▶ _Stored data_:
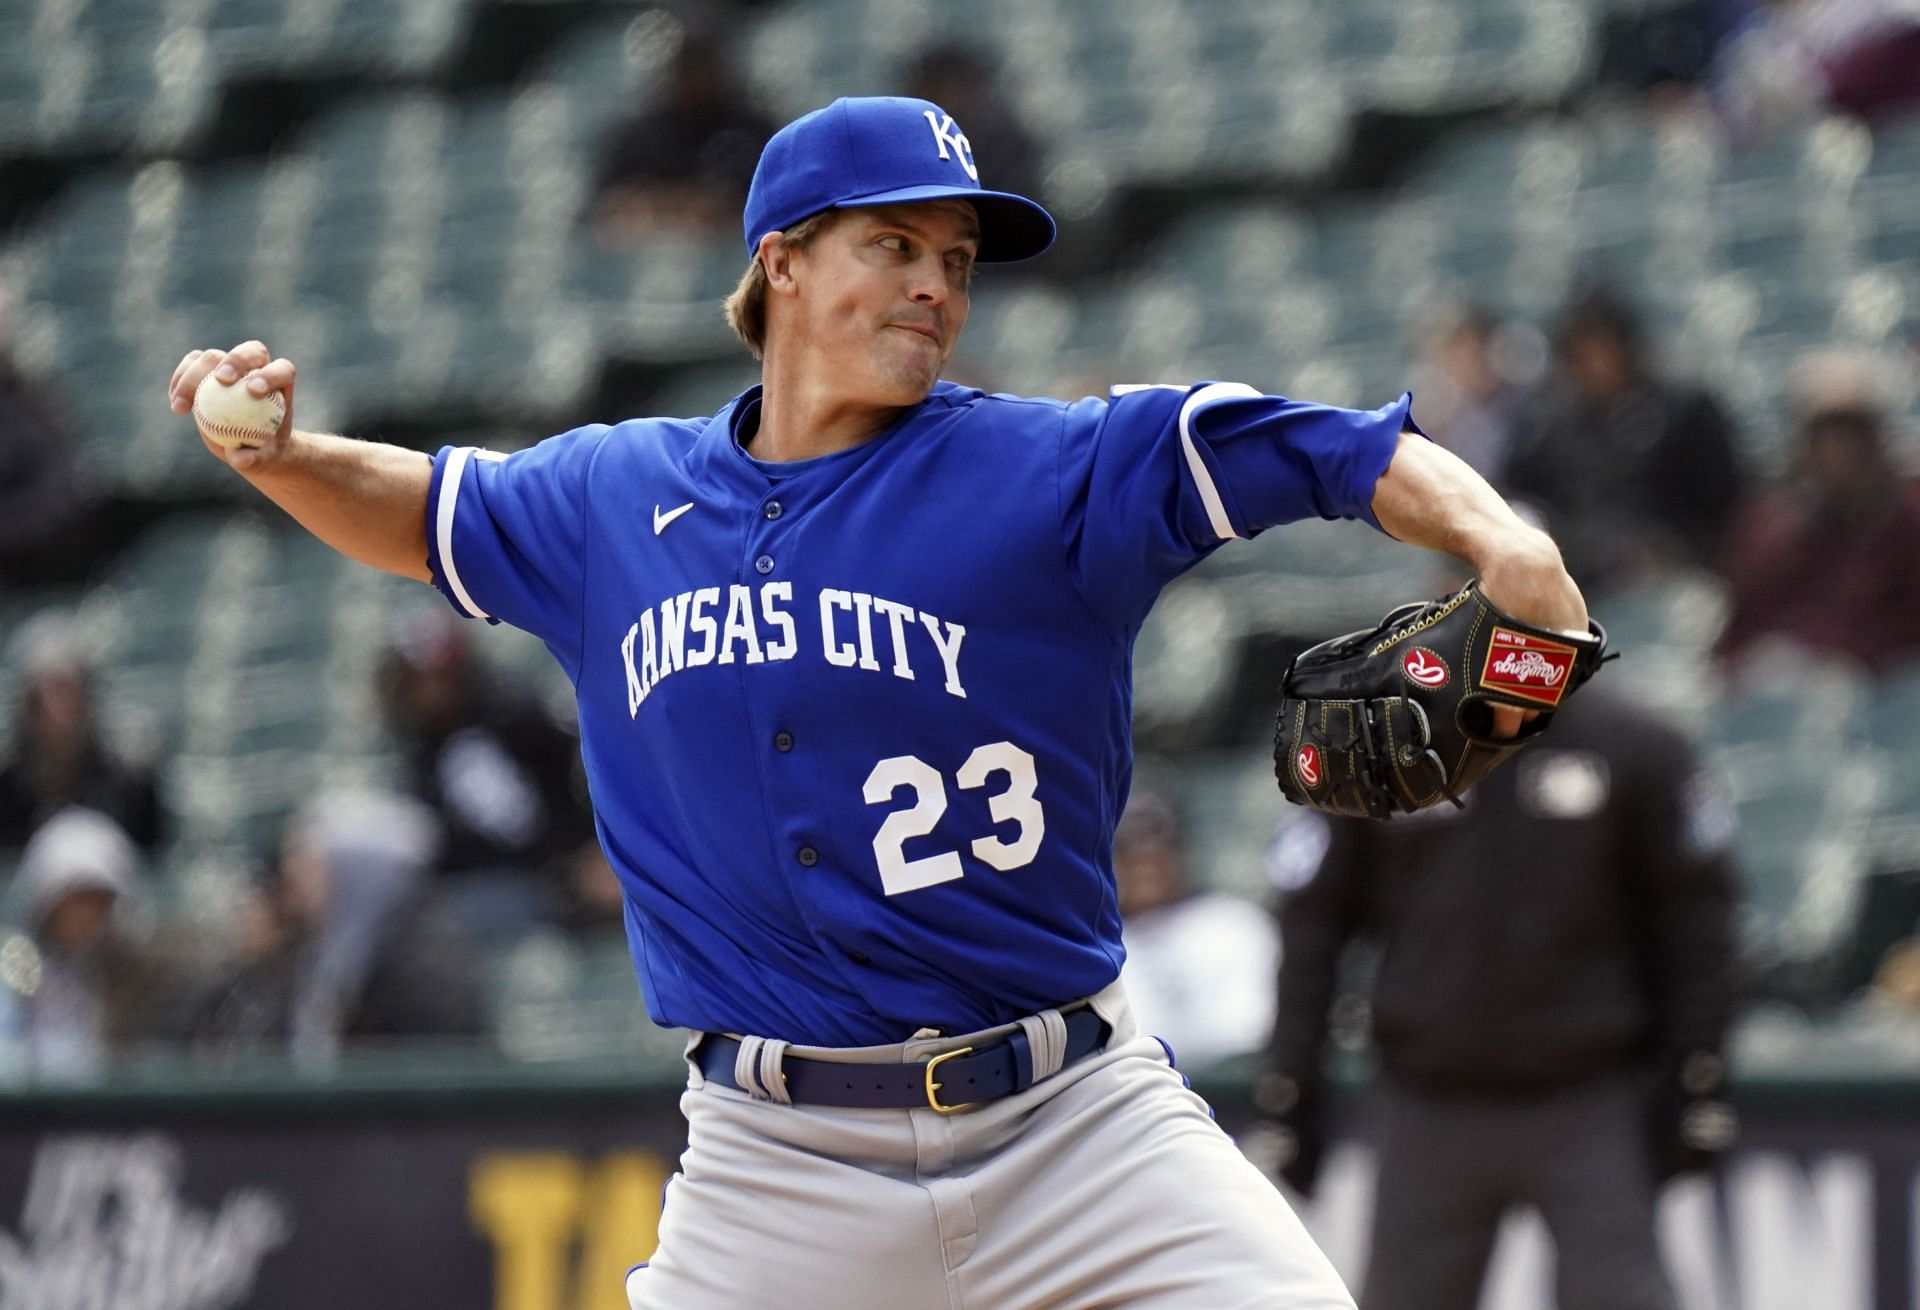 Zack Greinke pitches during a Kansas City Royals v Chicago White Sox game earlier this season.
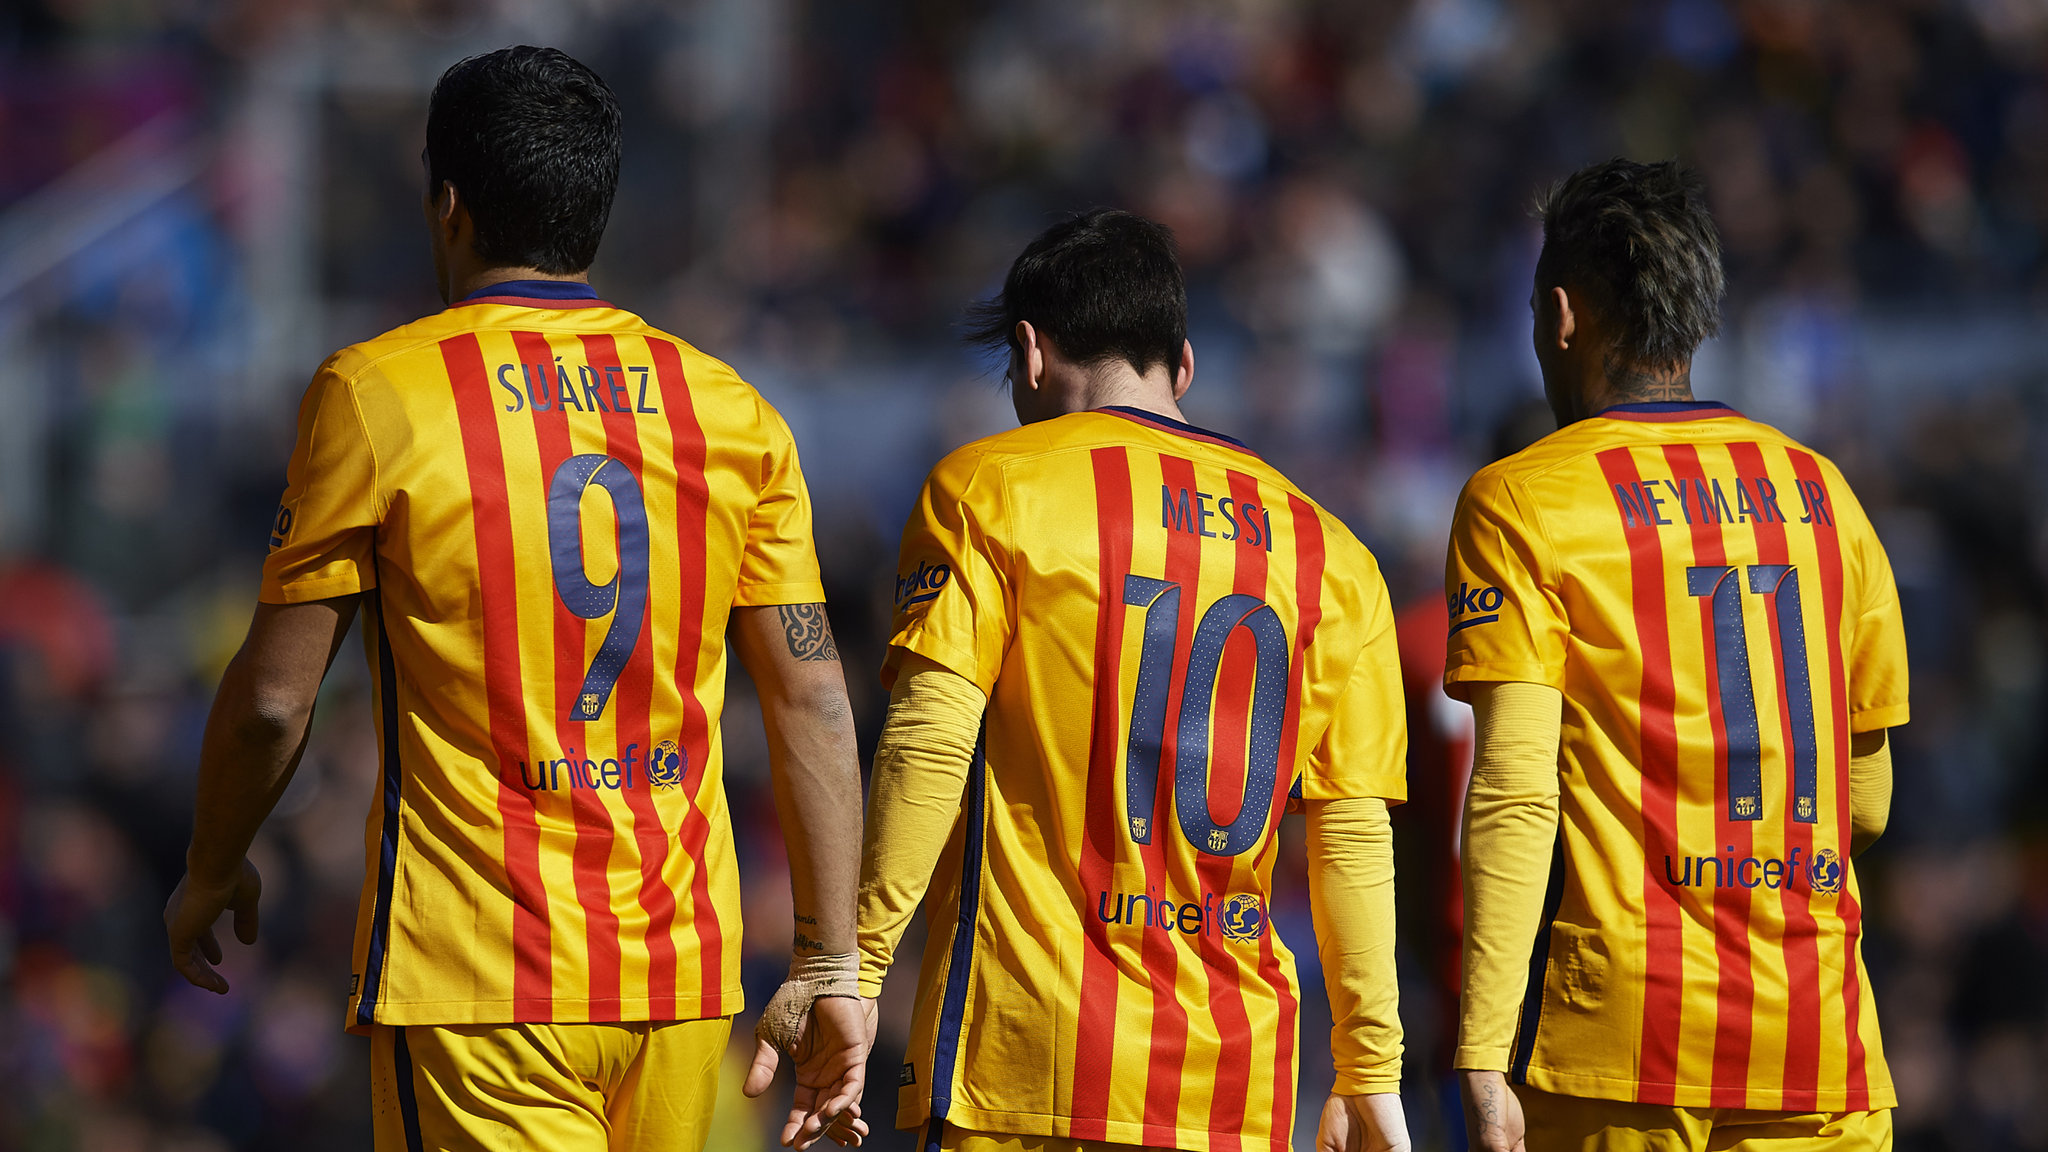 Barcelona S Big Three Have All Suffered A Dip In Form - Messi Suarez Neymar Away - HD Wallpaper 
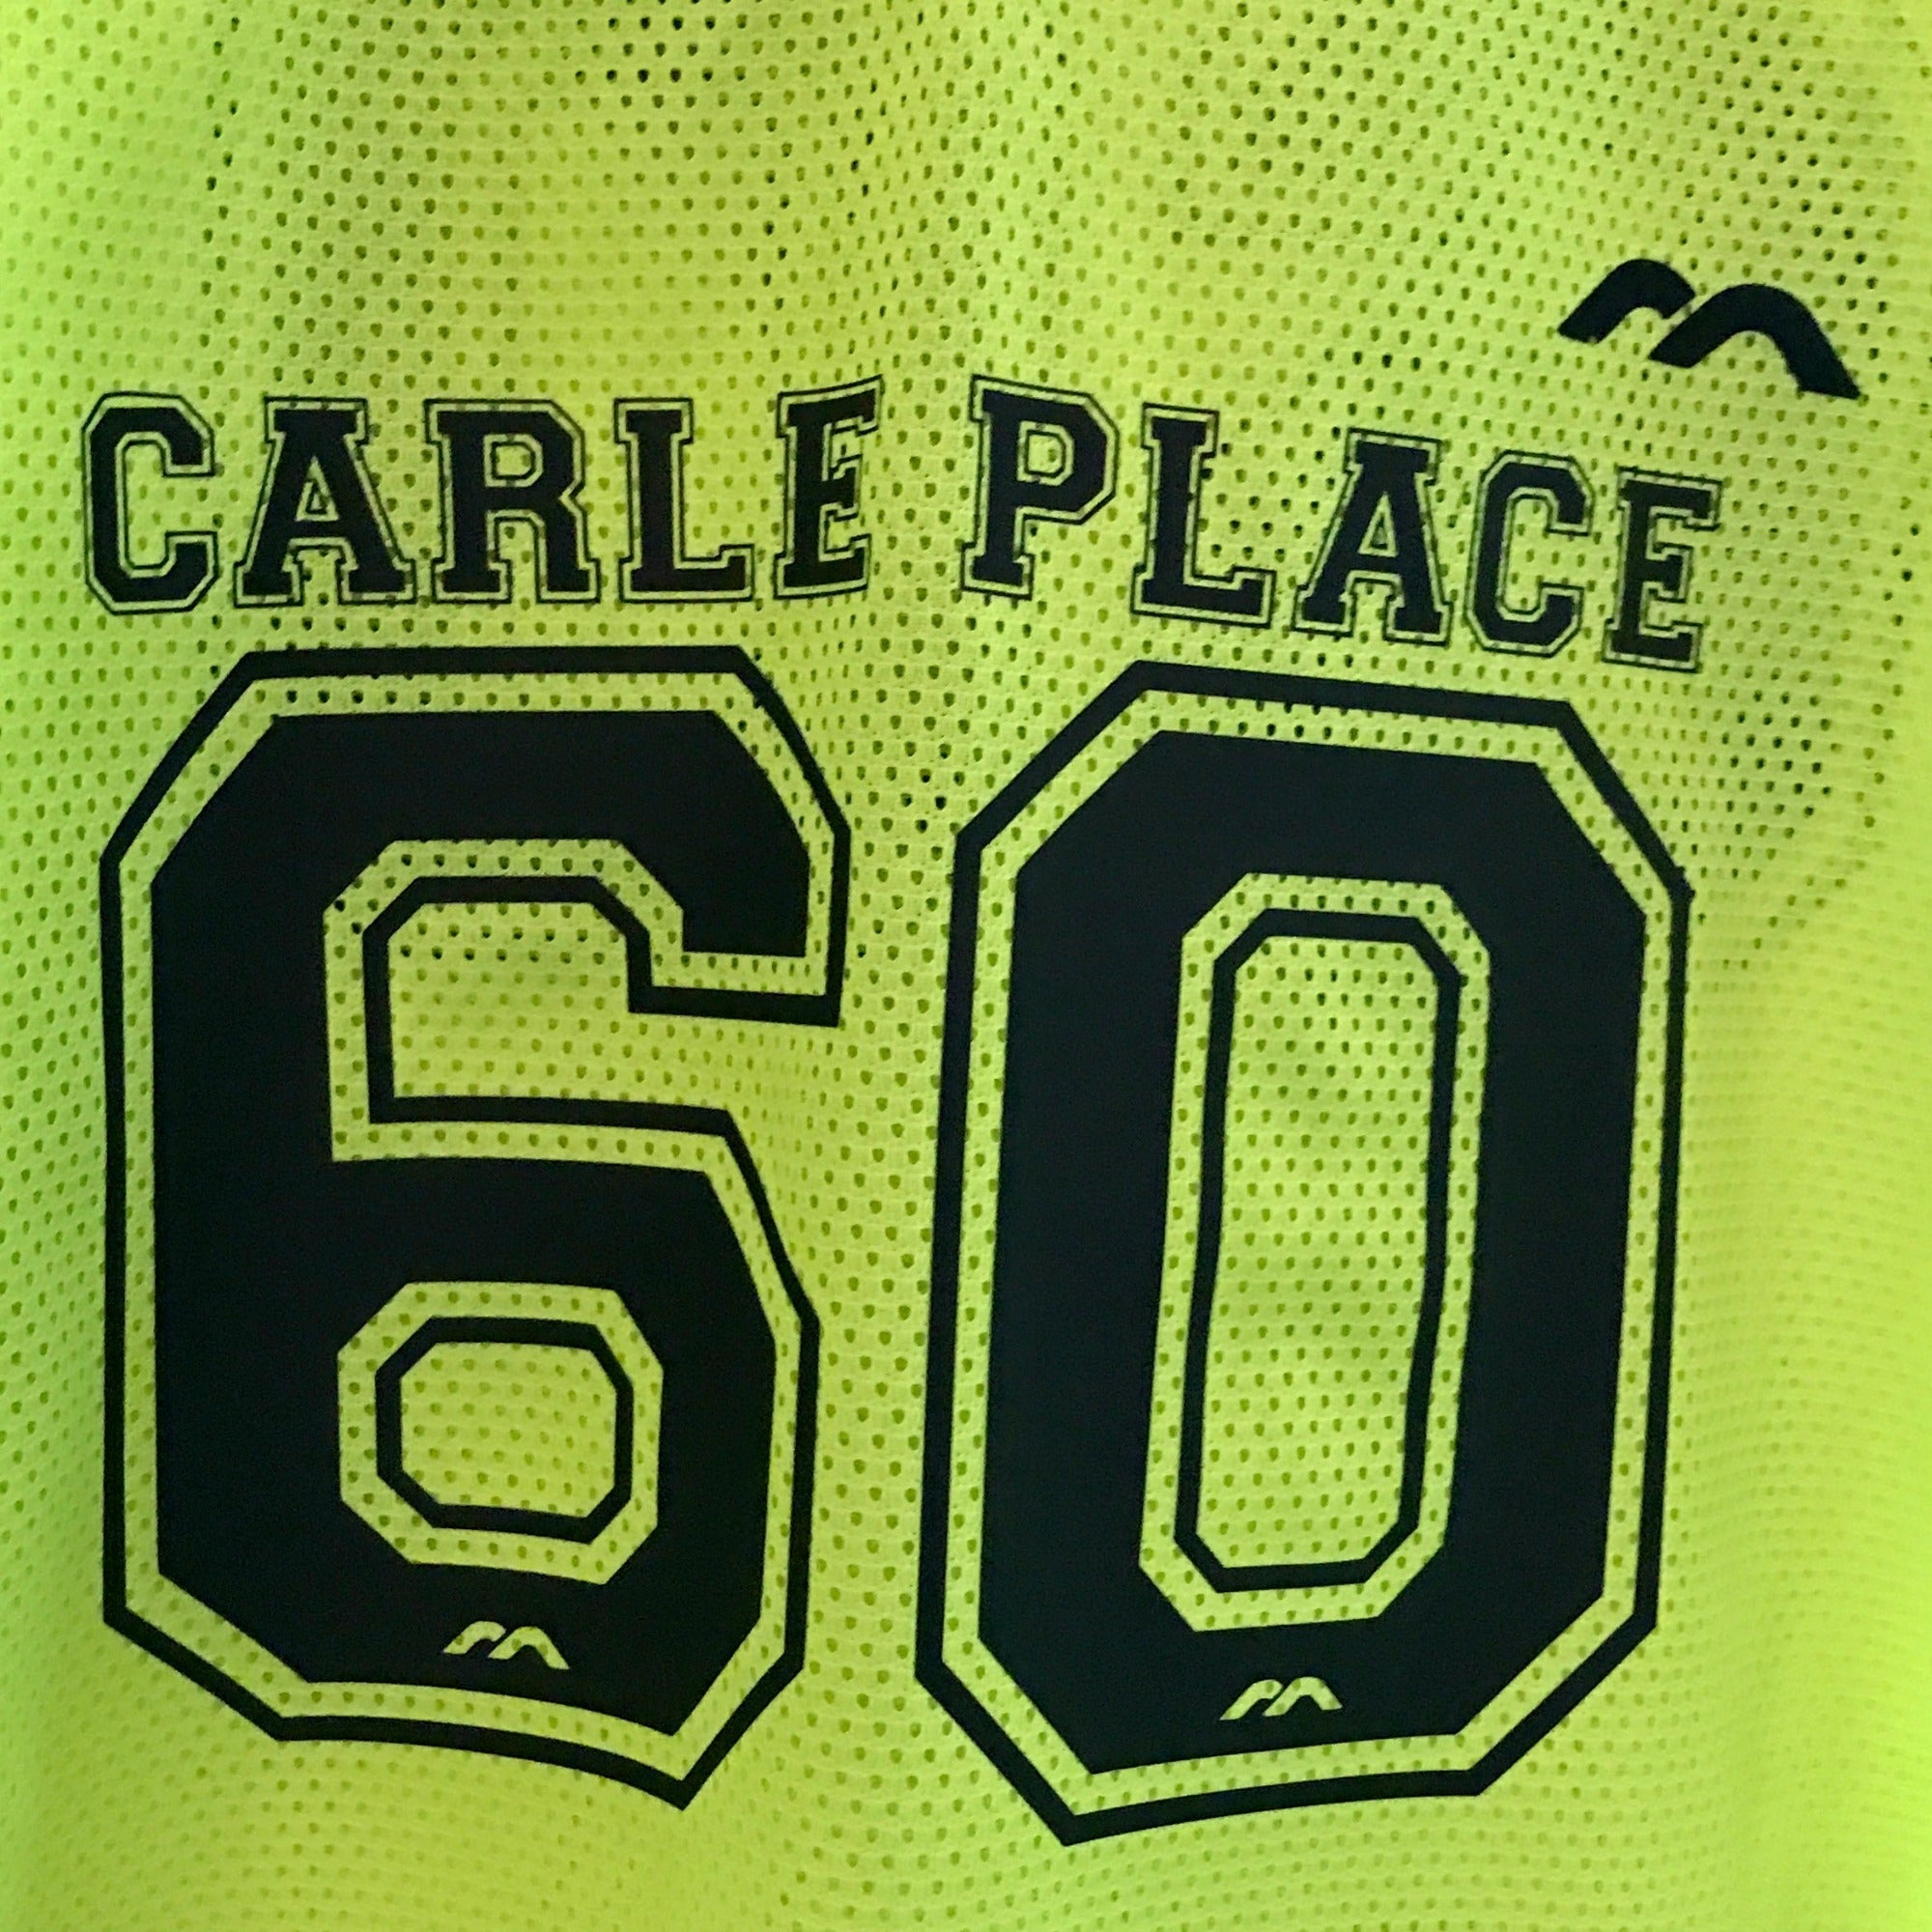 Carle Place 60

▶ _Task to complete_:
Copy exactly the lines running from the line with "Barcelona S Big" to the final line of the listing, keeping both ends and dropping any picture.

▶ _Answer_:
 Barcelona S Big Three Have All Suffered A Dip In Form - Messi Suarez Neymar Away - HD Wallpaper 
 Carle Place 60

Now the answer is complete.